Microbial genome puzzles Teach article

How do scientists piece together genomic information from sequencing data? Play these two fun online puzzles to find out.

Reconstructing genomes is like solving puzzles

Characterising the makeup of the many microbes that live on and inside us helps us understand the possible roles those microbes play in human health and disease. Scientists use DNA sequencing technologies to analyse the genetic material of microbial samples to identify the microbial species present.

Rather than providing full genome sequences of the organism(s) in a microbial sample, DNA sequencing produces hundreds or thousands of short, linear pieces of microbial DNA. To try identifying the organism(s), scientists often use these DNA fragments and combine them into contiguous fragments of DNA (contigs) using computational approaches.

Since it isn’t possible to sequence very long pieces of DNA, isolated DNA is split into fragments to make a collection called a library, in this case using bacterial artificial chromosomes (BACs). In addition to the sequence of interest, the BACs contain elements that allow these fragments to be copied and sequenced. This gives a collection of overlapping sequence fragments that can be aligned using computers to reconstruct the original sequence.
Becchamm – Own work, CC BY-SA 3.0.

This educational resource guides teachers how to use a simple “puzzle” metaphor to introduce students to the concept of genome reconstruction of single bacteria and complex microbial communities.

Scientific introduction

DNA sequencing determines the nucleotide acid sequence of an organism’s unique hereditary information. As output, it generates hundreds or thousands of short, linear pieces of microbial DNA, which are fragments of the full DNA genome.

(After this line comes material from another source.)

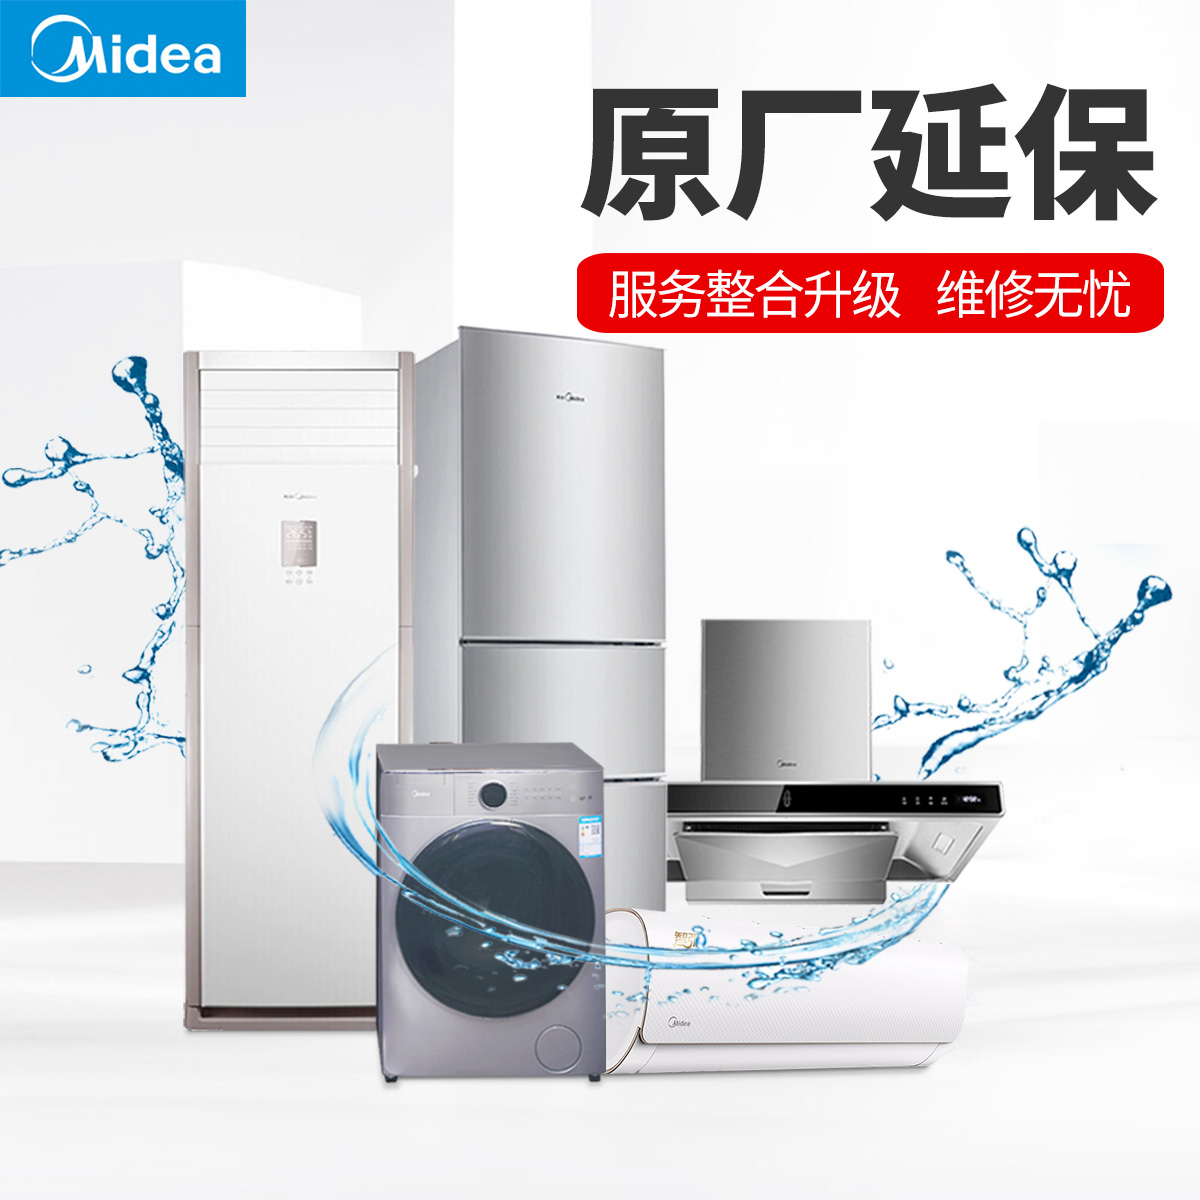 Midea/美的 洗衣机滚筒延保服务 说明书.pdf

The next step after DNA sequencing, therefore, involves combining (assembling) those fragments into contiguous fragments of DNA (contigs) using computational approaches.

Genome reconstruction of a single bacterium

The genome of a single bacterium is generally:

  • circular
  • double-stranded
  • of variable length, but generally in the order of million base pairs in size

Commonly used DNA sequencing technologies (applying so-called 2nd generation sequencing) generate pieces of DNA that are:

  • linear
  • single stranded
  • short (35 to 400 base pairs)

Therefore, you can think of the task of genome reconstruction as a somewhat “hard” puzzle problem: we need to rebuild a whole image from its pieces.

How do we do that exactly when aiming to reconstruct the genome sequence of a single bacterium? In the most straightforward case, our organism has already been sequenced and its genome sequence has been deposited in a public repository (such as the EMBL-EBI’s European Nucleotide Archive, ENA). In this case, we can use this sequence to help us rebuild the “puzzle”, similarly as you would do by looking at the image on the cover of the puzzle box. This approach is called “mapping” – identifying where a specific piece of DNA comes from by comparing it to a known reference.

Remember that this is obviously a simplistic approach: due to their very high mutation rate, hardly ever is the genome of a sequenced bacterium absolutely identical to that of the reference genome. We must therefore be ready to accept that the mapping will not be perfect, and that the mismatches themselves, if sufficiently proven, might be the most interesting spots in the genome.

Genome reconstruction of complex microbial communities

What are the added challenges when reconstructing the genomes in a complex microbial community such as your gut microbiome?

  1. There are multiple genomes mixed together.
  2. We do not know which sequence belongs to which genome.
  3. We do not have a reference genome to help us rebuild the genome of every single bacterium in the community.
  4. Even if the sequences have a certain “depth” (i.e. we collect many pieces of the puzzle), we probably have not collected all sequences (i.e. we might remain with missing pieces of the whole image).
Environmental Shotgun Sequencing (ESS). (A) Sampling from habitat; (B) filtering particles, typically by size; (C) DNA extraction and lysis; (D) cloning and library; (E) sequence the clones; (F) sequence assembly. 
John C. Wooley, Adam Godzik, Iddo Friedberg, CC BY 2.5, via Wikimedia Commons

To solve this more complex problem, there are several strategies that, once more, resemble what you would instinctively do with a puzzle:

  • If there is some piece of the puzzle we have a reference for, we build that first.
  • If any of the pieces look “alike” (i.e. they are genetically similar, or, in the puzzle metaphor, they maybe have the same colour or pattern), we group them together.
  • If any of the pieces fit together very well (in the bioinformatics jargon, they can be “assembled” together), we assume they belong together.
  • If any of the pieces has a known function (in the puzzle metaphor, the corner or border pieces), we try to infer where they belong.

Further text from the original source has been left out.